2. Information on the treatment of dissociation was not available when most clinicians did their training, and it is important to organize clinical information to help familiarize clinicians with current treatment approaches.
3. Without careful consideration of developmental issues, the simplistic application of treatment approaches for adult dissociation to children may be potentially dangerous to children.

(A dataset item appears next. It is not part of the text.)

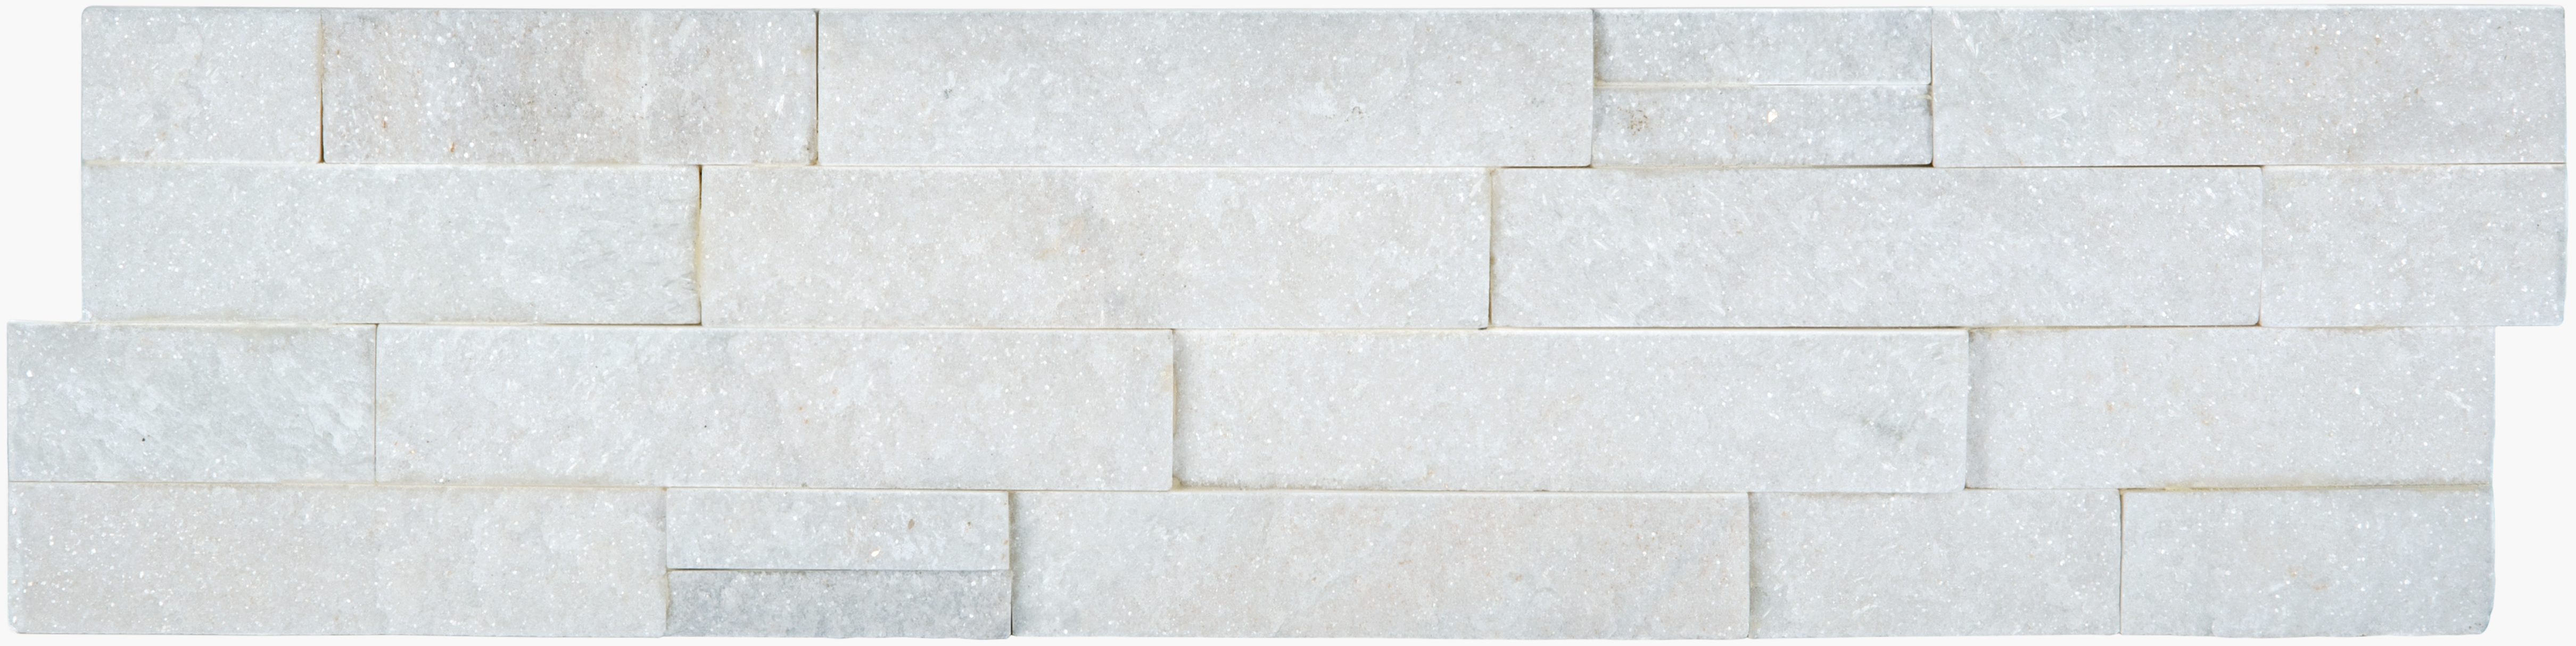 quartzite glacier pattern natural stone corner shelf molding from ledger stone anatolia collection distributed by surface group international split face finish straight edge edge 6x24 bar shape

For these reasons, these Guidelines are presented for the benefit of the ISSD membership and the clinical community at large. It is our hope that research will continue to amend and refine these Guidelines, and that their presentation will stimulate discussion, debate and further analysis that will enrich the field as a whole. These guidelines must be used in conjunction with all ethical codes, health codes, laws or professional regulations that govern the individual’s discipline or place of practice.